Наконец она нашла то, что нужно ей: не большая, не маленькая, ни высокая, ни низкая, комнатка, что называется, "в самый раз". Здесь она снова щелкнула крепкими пальцами. Сквозь тысячелетия, смрад и пепел преисподней неслась к ней ее заветная постель, в которой она провела вечность или чуть поменьше, вплоть до этой ночи. С грохотом постель встала посередине комнаты - узкий длинный ящик, сколоченный из отесанных древнеславянским способом кедровых досок, на четырех чурбаках-ножках и с остроконечной крышкой.

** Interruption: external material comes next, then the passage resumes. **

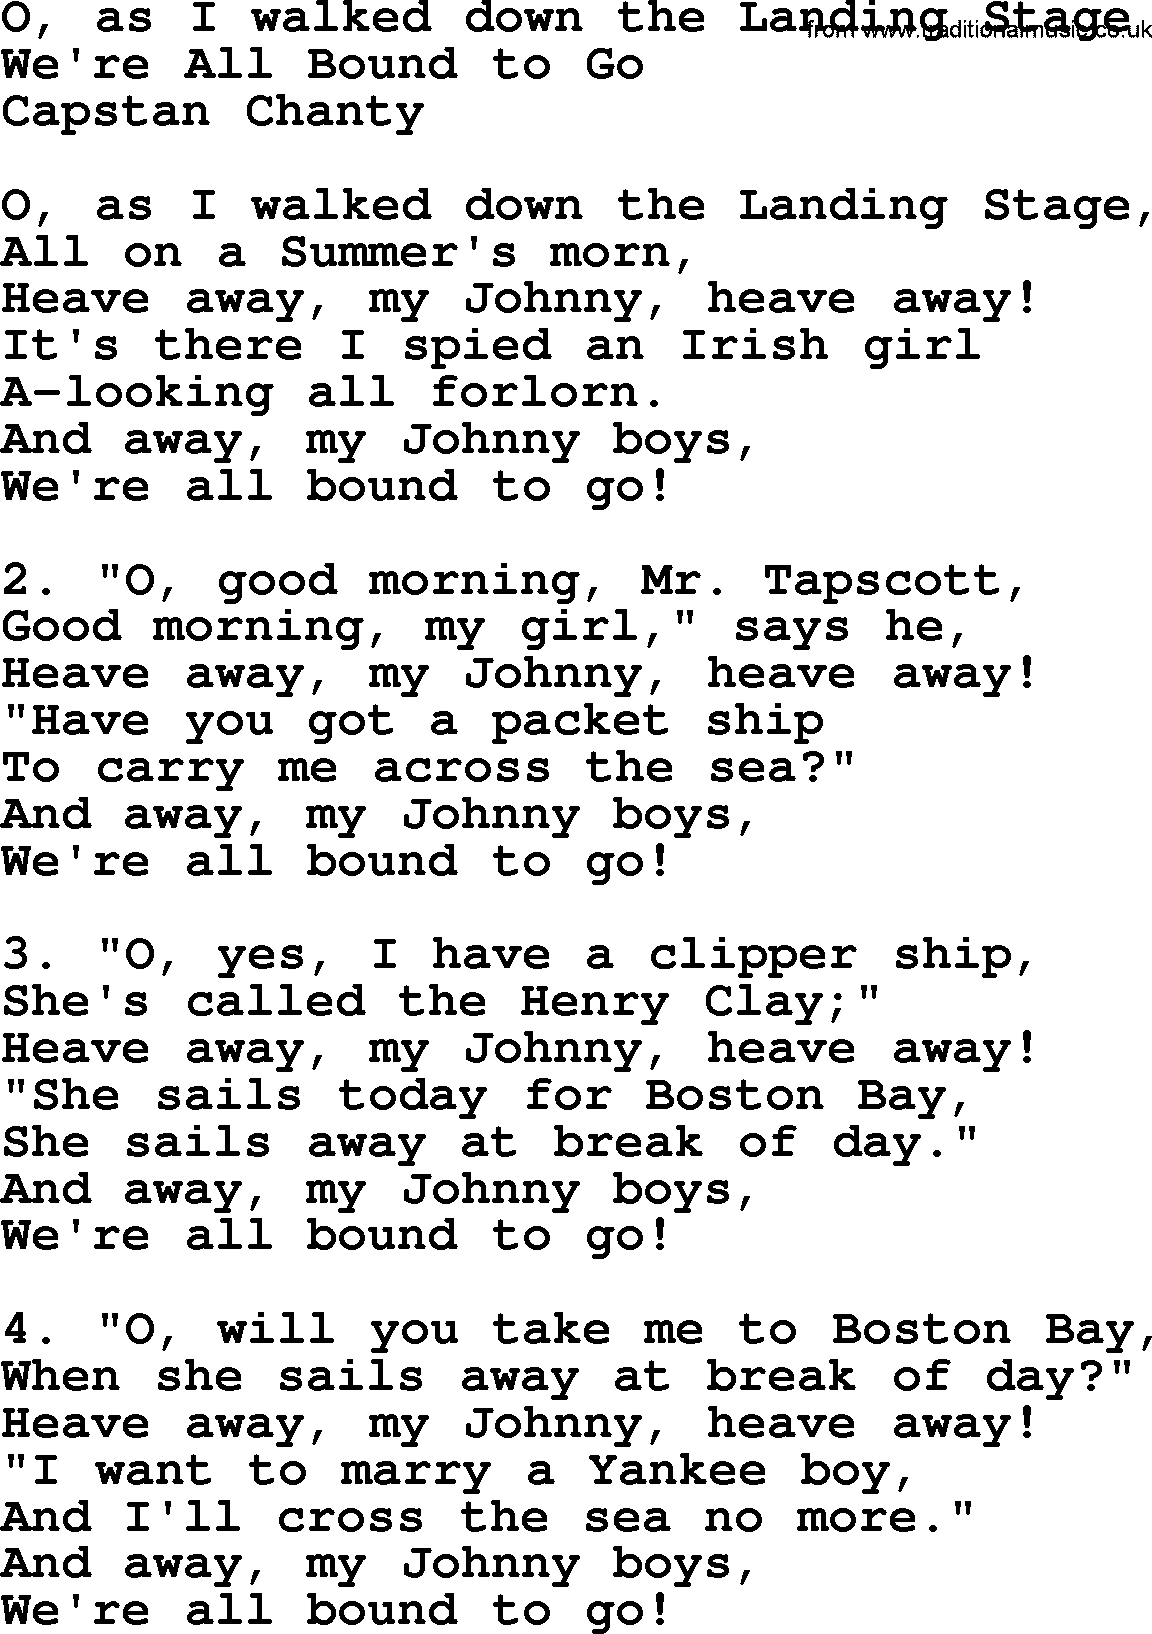 Sea Song or Shantie: O As I Walked Down The Landing Stage, lyrics

Она сняла крышку: в ящике на подушках набитых прелой листвой, блеснул длинный предмет. Старуха слегка ухмыльнулась, ей в такой момент всегда казалось, что это ее меч. Ведь много тысяч лет назад она была никем иным, как богиней боев и баталий, сражений и битв, военных побед и поражений, самой древней воительницей мира и утраченной веры. В латах и с заветным мечом в мускулистых руках на черно-пламенном коне верхом, незримая в своем плаще-невидимке, прекрасная и справедливая, носилась она над полями битв, то направляя удар Пересвета в поединке с Челубеем, или вкладывая меч в руки Илье Муромцу. Или вместе со славянами врезаясь в войско Чингиз-хана, или возвращаясь на курган, где гибла армия хана Мамая.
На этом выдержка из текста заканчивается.